Replacing energy by von Neumann entropy in quantum phase transitions

TL;DR

This paper proposes using the non-analytic behavior of von Neumann entropy as a universal indicator of quantum phase transitions, including cases where traditional energy-based criteria fail, such as Anderson localization.

Contribution

It introduces von Neumann entropy as a new criterion for detecting quantum phase transitions, especially in complex systems where energy criteria are insufficient.

Findings

Von Neumann entropy exhibits non-analyticities at quantum critical points.

The entropy shows fractal scaling at the Anderson transition.

Non-analyticities in entropy correlate with quantum phase transitions in dissipative systems.

Abstract

In the thermodynamic limit two distinct states of matter cannot be analytic continuations of each other.
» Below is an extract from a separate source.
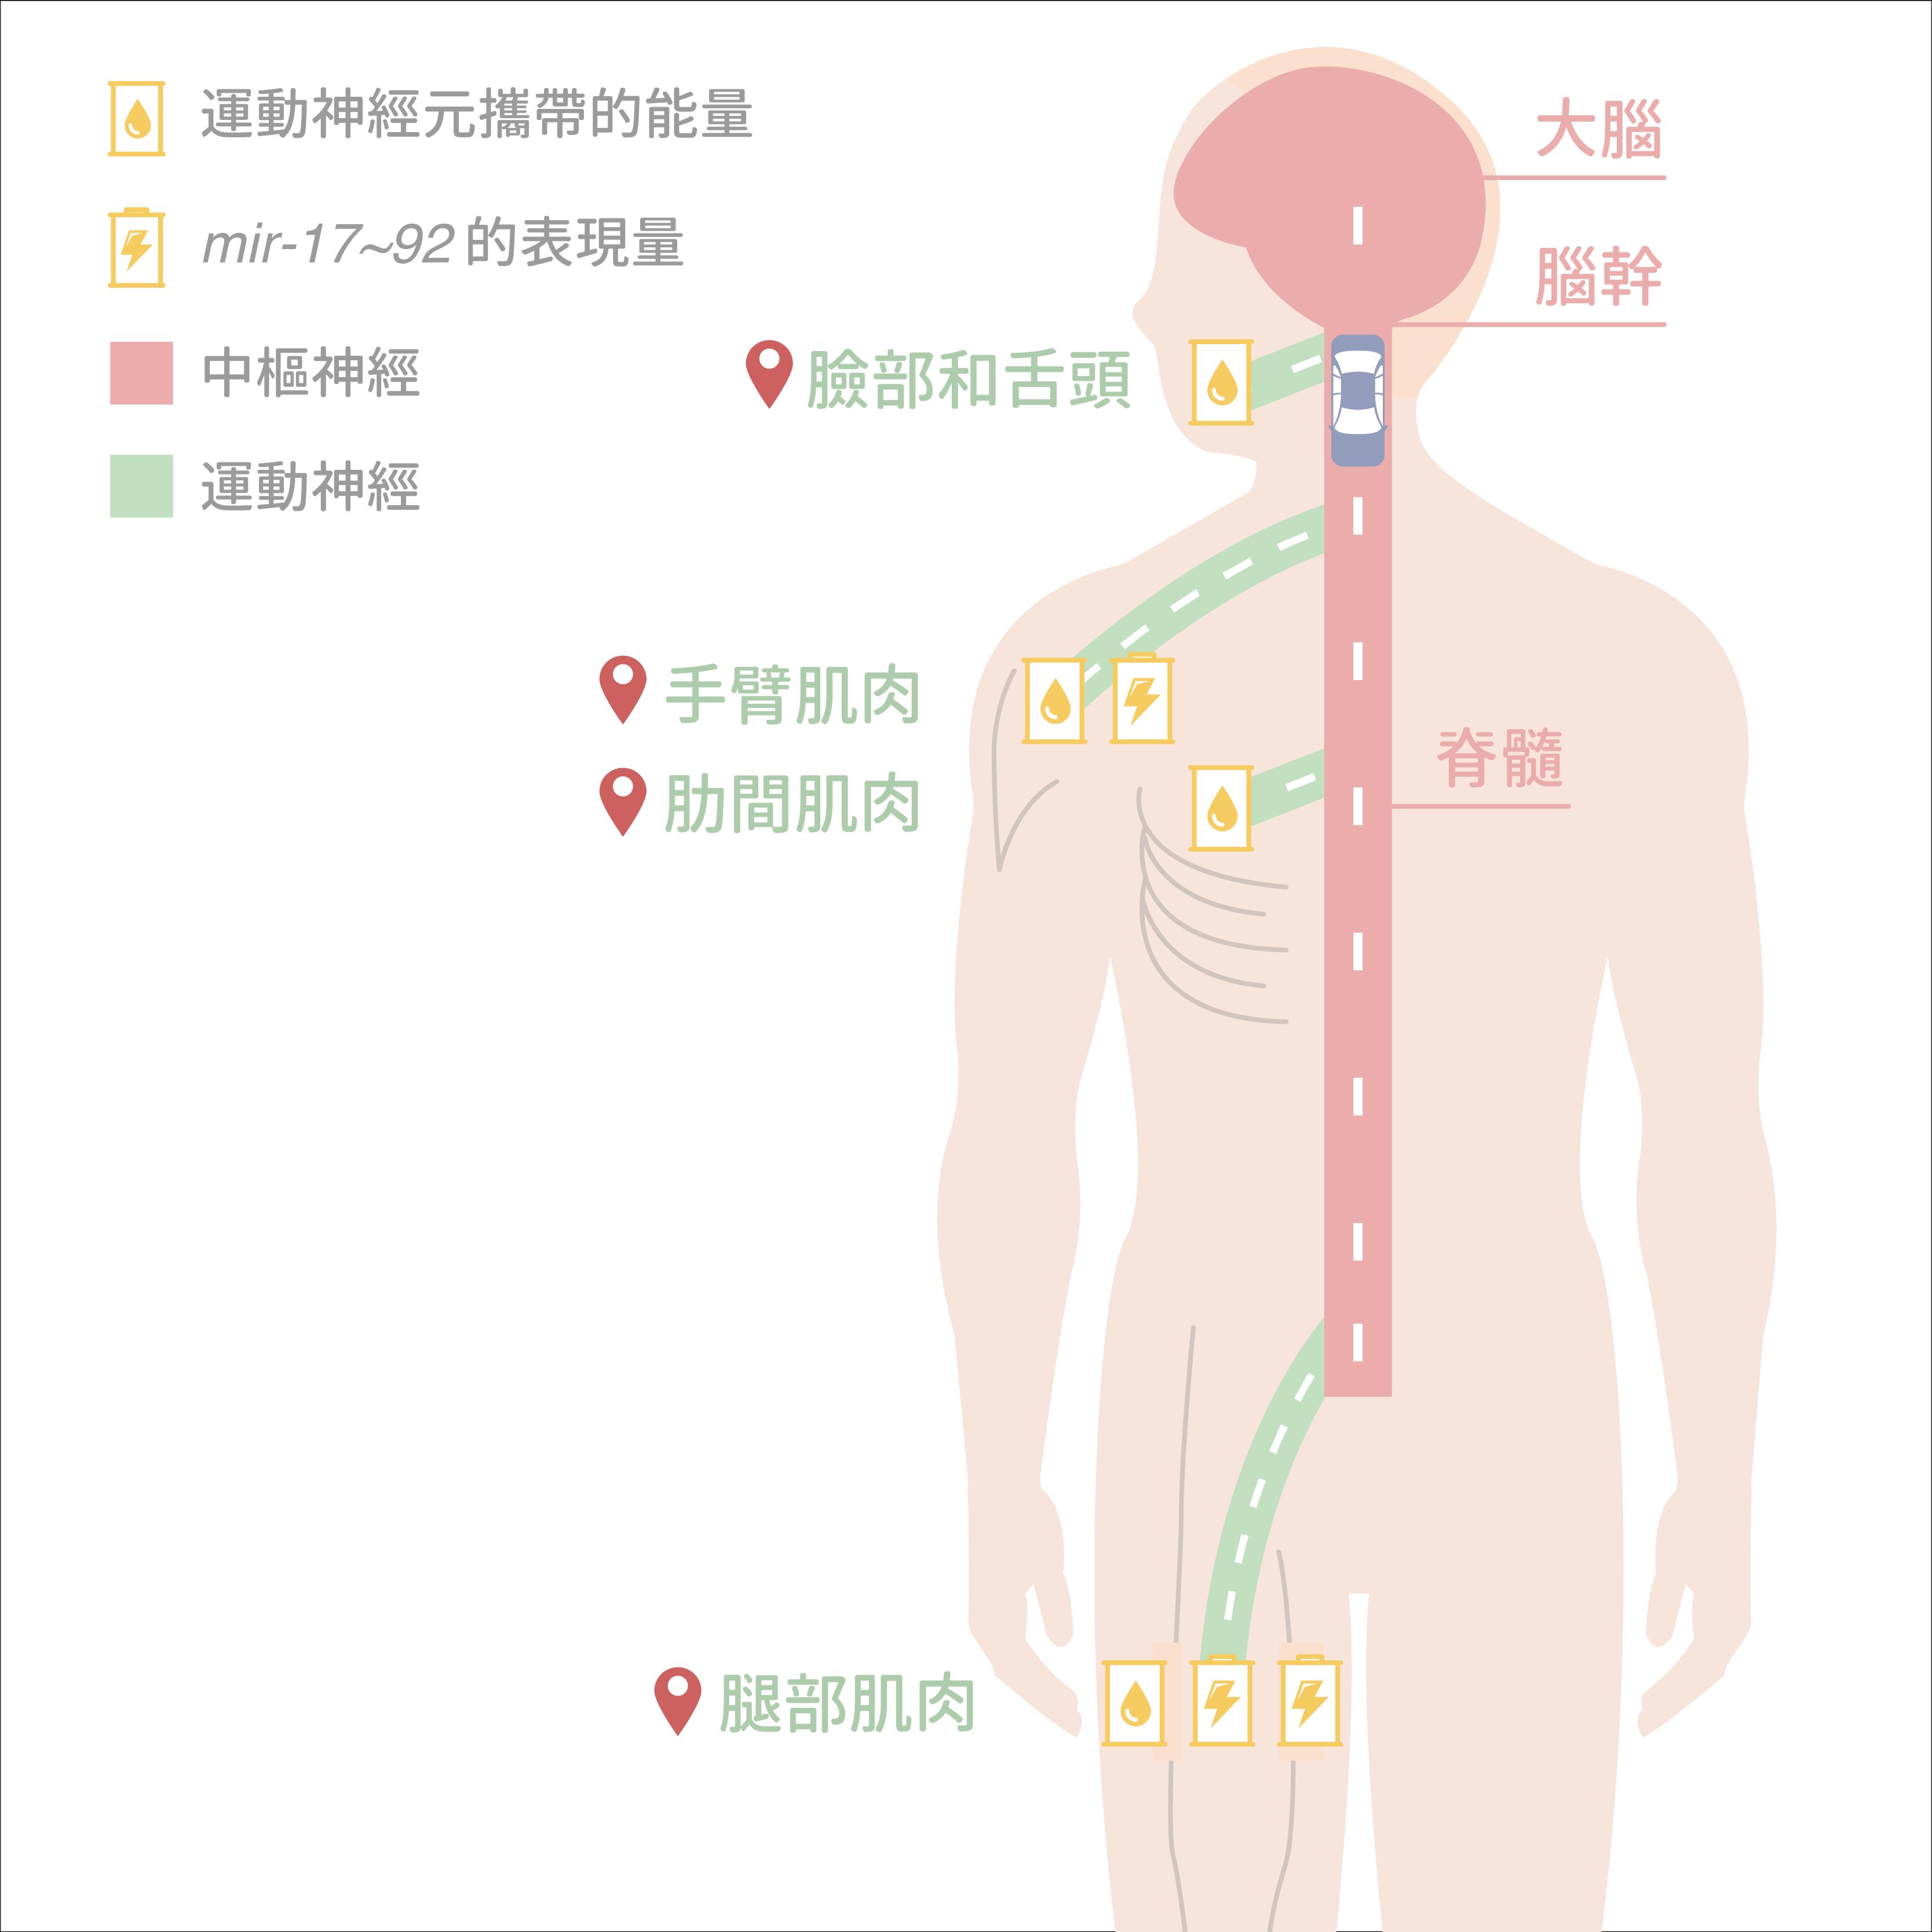 將人體比喻為台灣地圖,到達不同目的地的「運動神經」樹突長度相差很多, mir-17~92 在各種運動神經元內的表現量也不同。 資料來源│陳俊安提供 圖說重製│林婷嫻、張語辰

Classical phase transitions are characterized by non-analyticities of the free energy. For quantum phase transitions (QPTs) the ground state energy often assumes the role of the free energy. But in a number of important cases this criterion fails to predict a QPT, such as the three-dimensional metal-insulator transition of non-interacting electrons in a random potential (Anderson localization). It is therefore essential that we find alternative criteria that can track fundamental changes in the internal correlations of the ground state wavefunction. Here we propose that QPTs are generally accompanied by non-analyticities of the von Neumann (entanglement) entropy. In particular, the entropy is non-analytic at the Anderson transition, where it exhibits unusual fractal scaling. We also examine two dissipative quantum systems of considerable interest to the study of decoherence and find that non-analyticities occur if and only if the system undergoes a QPT.